Your task is to copy the listing exactly. Drop any pictures from the copy.

## Supplied material

%%

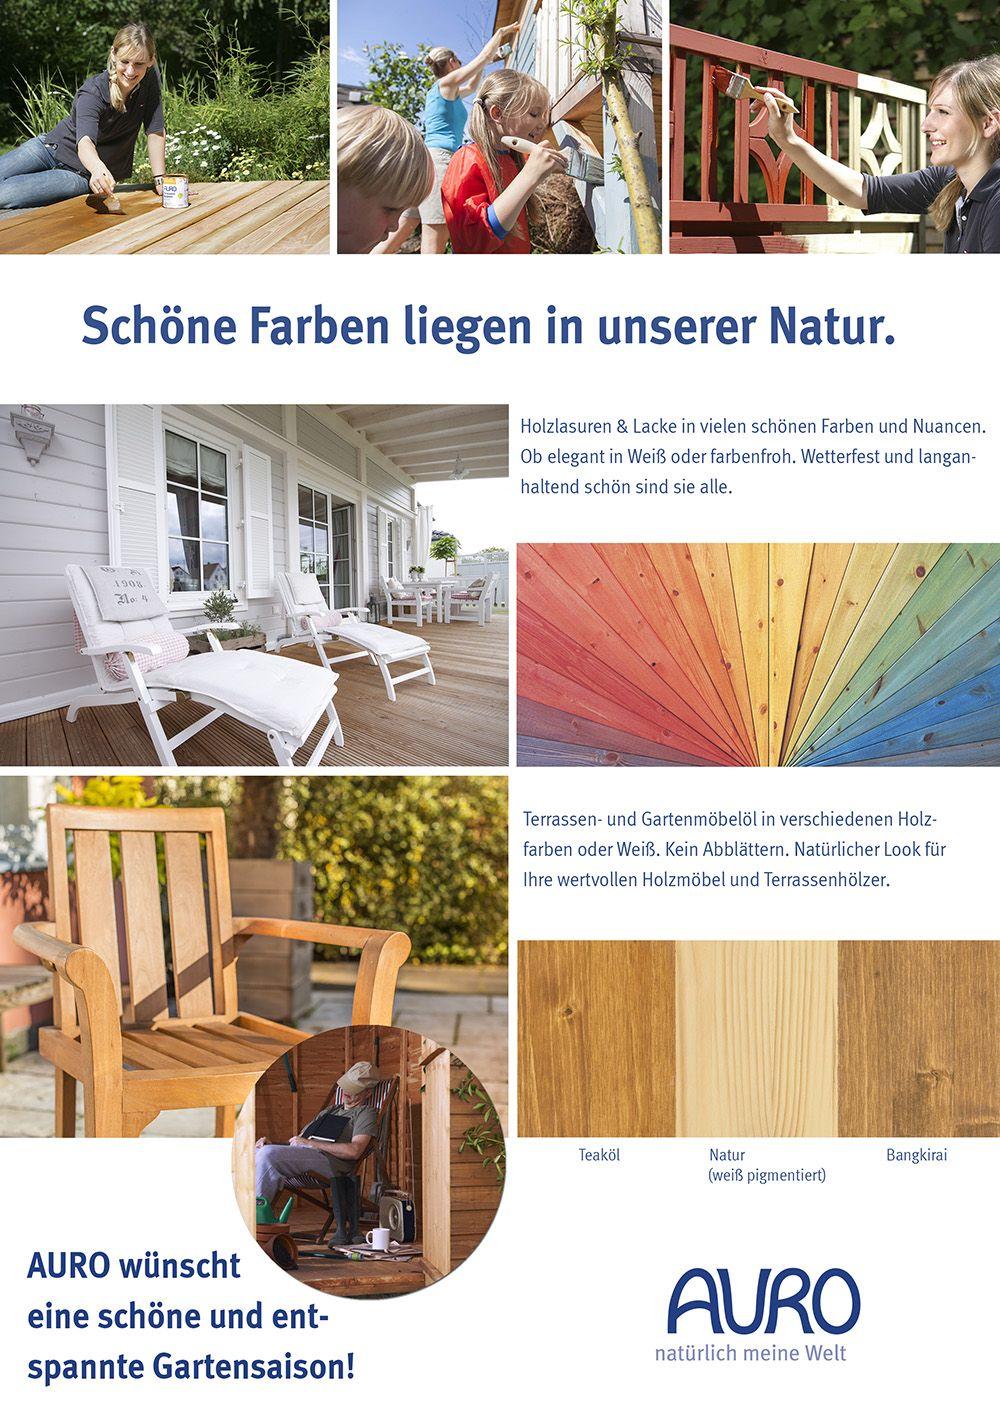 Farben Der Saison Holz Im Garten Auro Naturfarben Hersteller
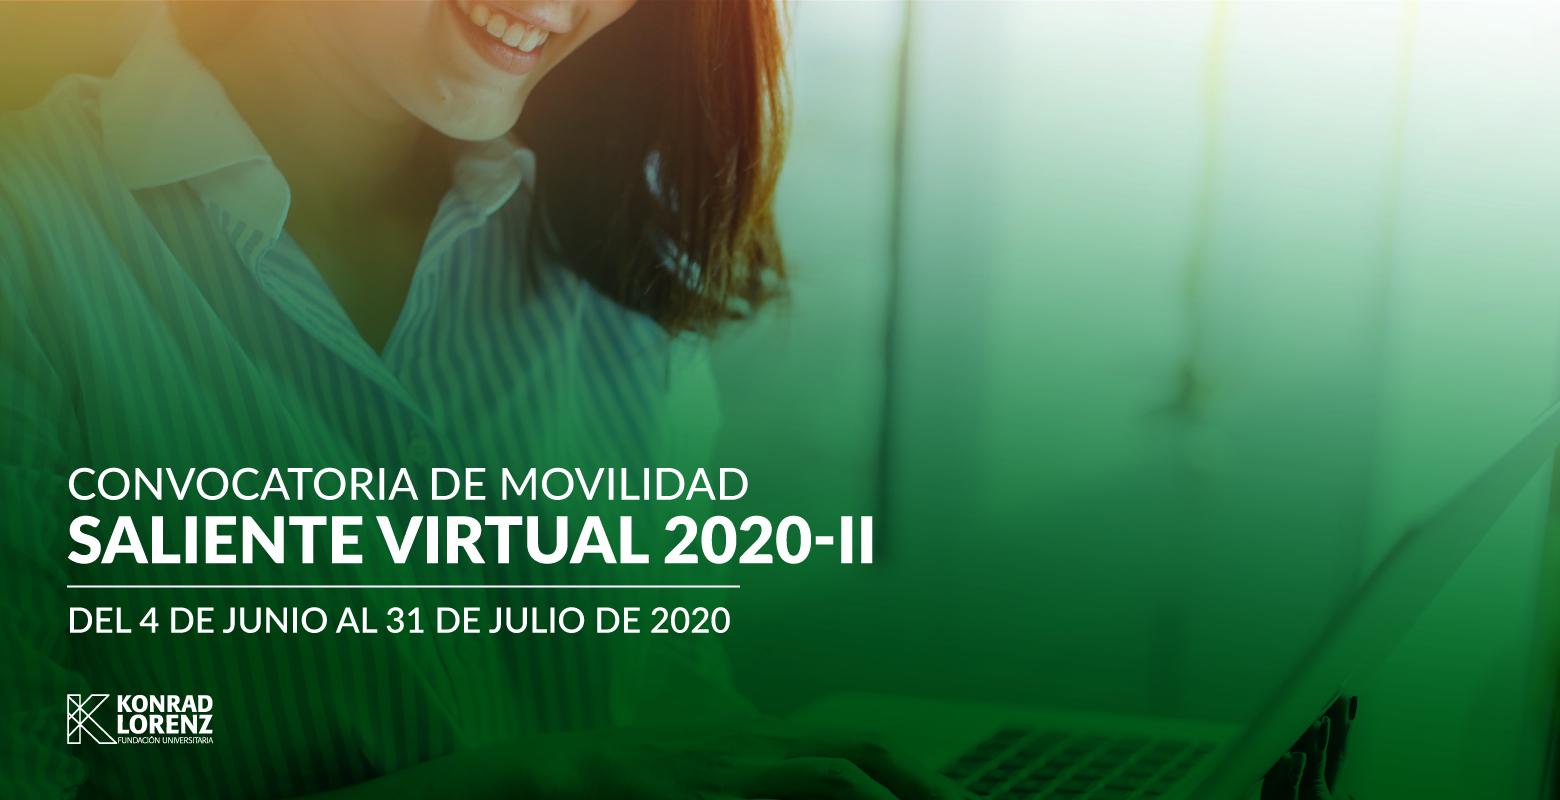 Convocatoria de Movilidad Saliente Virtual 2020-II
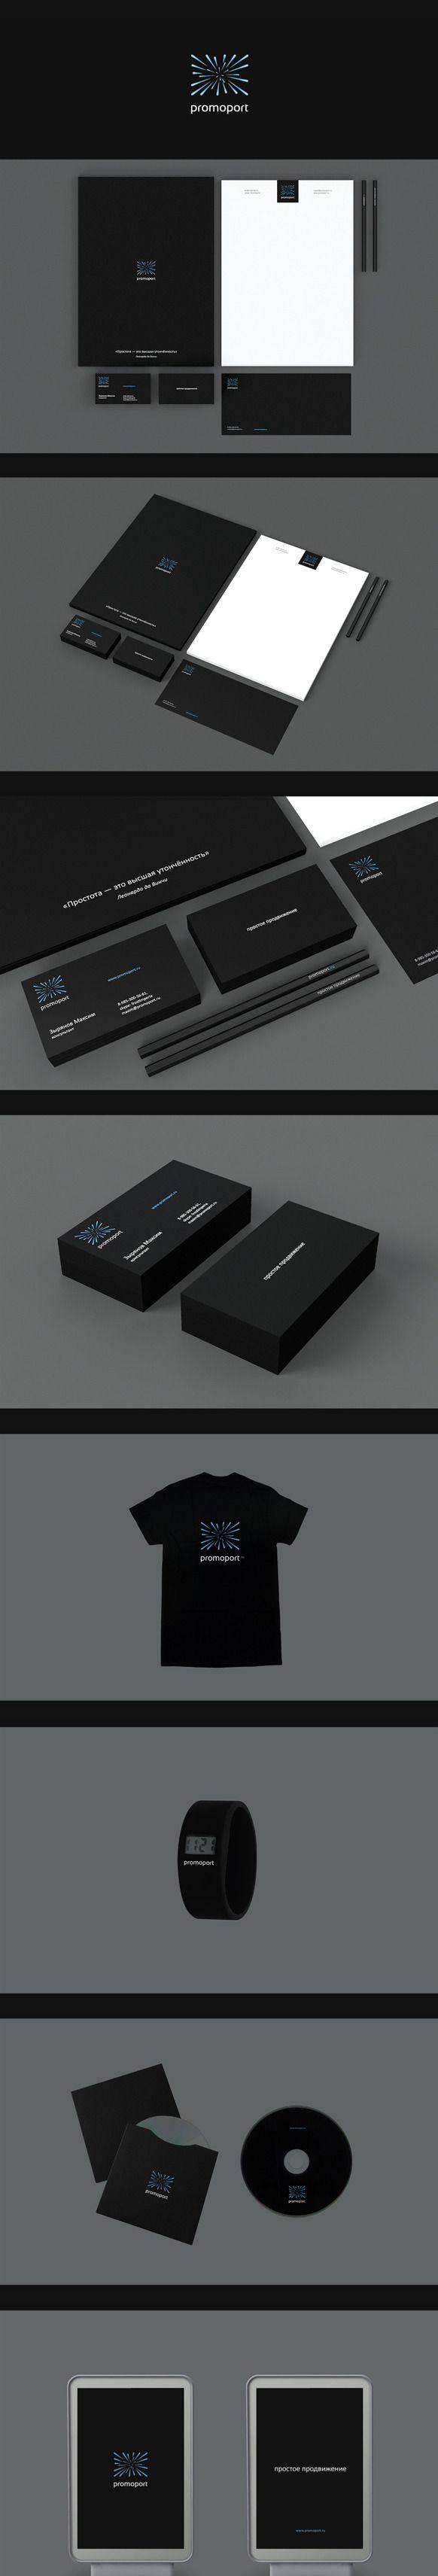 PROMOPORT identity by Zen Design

%%

## Exercise answer
 Farben Der Saison Holz Im Garten Auro Naturfarben Hersteller
 Convocatoria de Movilidad Saliente Virtual 2020-II
 PROMOPORT identity by Zen Design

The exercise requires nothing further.